Regent is a city in Hettinger County, North Dakota, United States. The population was 170 at the 2020 census.

==History==
Regent was founded in 1910 when the railroad was extended to that point. The city was so named with the aim of promoting its central location in order to attract the county seat. A post office has been in operation at Regent since 1910.

In 1999, Consolidated Telephone Cooperative had been the sole provider of telephone service. Western Wireless began providing service by cellular connection and thus saving the costs of installing wires. Angered by the loss of its customers, Consolidated refused to connect calls to and from Western's central switch, effectively disconnecting all of Western's customers in town. Western complained to regulatory authorities, and Consolidated agreed to connect the disconnected customers.

==Geography==
According to the United States Census Bureau, the city has a total area of 0.56 sqmi, all land.

==Demographics==

Historical population
| Census | Pop. | Note | %± |
| 1920 | 262 |  | — |
| 1930 | 308 |  | 17.6% |
| 1940 | 261 |  | −15.3% |
| 1950 | 405 |  | 55.2% |
| 1960 | 388 |  | −4.2% |
| 1970 | 344 |  | −11.3% |
| 1980 | 297 |  | −13.7% |
| 1990 | 268 |  | −9.8% |
| 2000 | 211 |  | −21.3% |
| 2010 | 160 |  | −24.2% |
| 2020 | 170 |  | 6.3% |
| 2022 (est.) | 167 |  | −1.8% |
U.S. Decennial Census 2020 Census

===2010 census===
As of the census of 2010, there were 160 people, 80 households, and 47 families residing in the city. The population density was 285.7 PD/sqmi. There were 120 housing units at an average density of 214.3 /sqmi. The racial makeup of the city was 97.5% White, 1.9% Native American, and 0.6% from two or more races.

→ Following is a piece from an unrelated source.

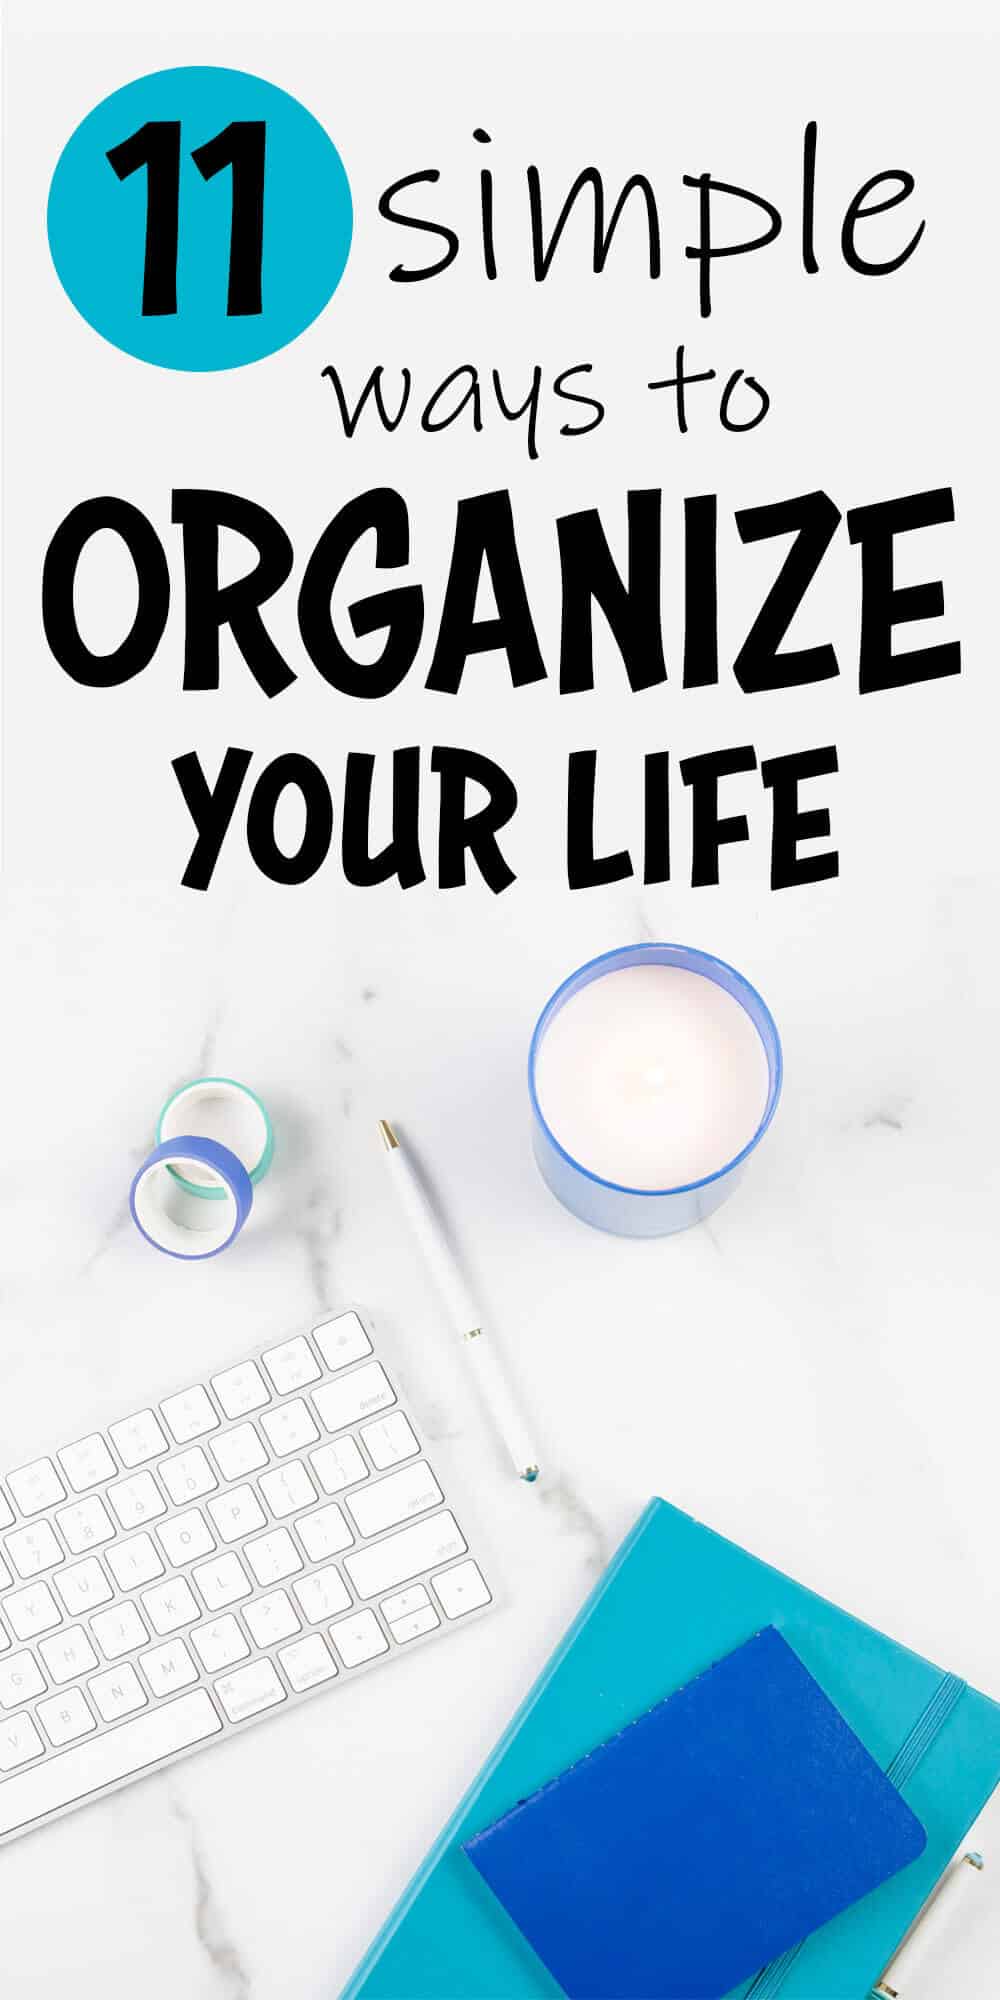 11 Simple Ways to Organize Your Life this Year
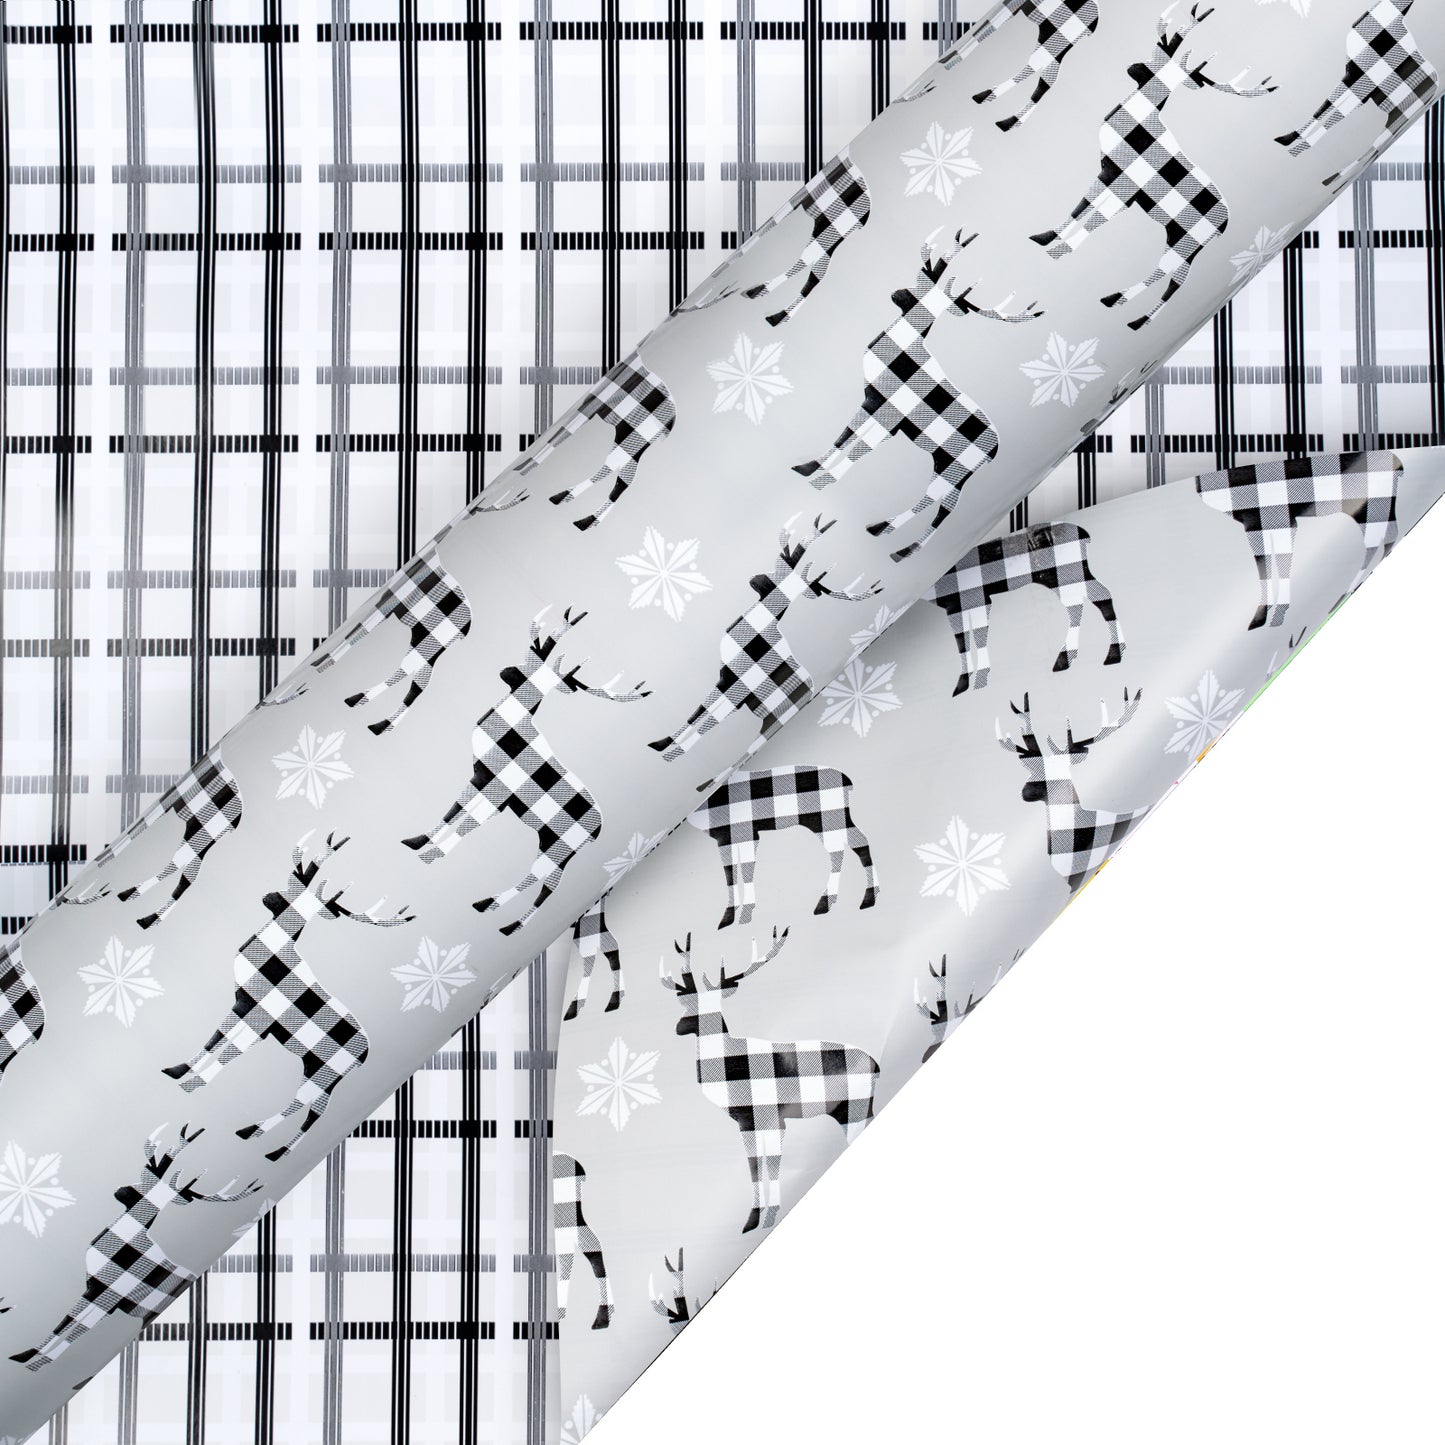 Buffalo Deer Wrapping Paper Roll with White and Black Buffalo Grid on Reverse Wholesale Wrapholic

There were 80 households, of which 16.3% had children under the age of 18 living with them, 50.0% were married couples living together, 7.5% had a female householder with no husband present, 1.3% had a male householder with no wife present, and 41.3% were non-families. 41.3% of all households were made up of individuals, and 21.3% had someone living alone who was 65 years of age or older. The average household size was 2.00 and the average family size was 2.70.

The median age in the city was 52 years. 16.9% of residents were under the age of 18; 4.4% were between the ages of 18 and 24; 16.3% were from 25 to 44; 33.2% were from 45 to 64; and 29.4% were 65 years of age or older. The gender makeup of the city was 51.9% male and 48.1% female.

===2000 census===
As of the census of 2000, there were 211 people, 99 households, and 62 families residing in the city. The population density was 385.8 PD/sqmi. There were 126 housing units at an average density of 230.4 /sqmi. The racial makeup of the city was 98.58% White and 1.42% Native American. Hispanic or Latino people of any race were 0.47% of the population.

There were 99 households, out of which 21.2% had children under the age of 18 living with them, 53.5% were married couples living together, 8.1% had a female householder with no husband present, and 36.4% were non-families. 36.4% of all households were made up of individuals, and 26.3% had someone living alone who was 65 years of age or older. The average household size was 2.13 and the average family size was 2.75.

In the city, the population was spread out, with 23.2% under the age of 18, 1.9% from 18 to 24, 19.9% from 25 to 44, 20.4% from 45 to 64, and 34.6% who were 65 years of age or older. The median age was 50 years. For every 100 females, there were 91.8 males. For every 100 females age 18 and over, there were 100.0 males.

The median income for a household in the city was $24,250, and the median income for a family was $29,688. Males had a median income of $25,000 versus $13,333 for females. The per capita income for the city was $11,857. About 17.9% of families and 21.5% of the population were below the poverty line, including 38.9% of those under the age of eighteen and 10.1% of those 65 or over.

==Arts and culture==
Enchanted Highway, a series of metal sculptures, is located in Regent.

The Hettinger County Historical Society Museum is located in Regent.

==Education==
It is in the Mott/Regent School District.

==Notable people==

- Byron Dorgan, state Tax Commissioner (1969-1980), U.S. Congressman (1981-1992), and Senator (1992-2011)
- Leonard J. Jacobs (1928-2024), member of the North Dakota House of Representatives from 1993-1998.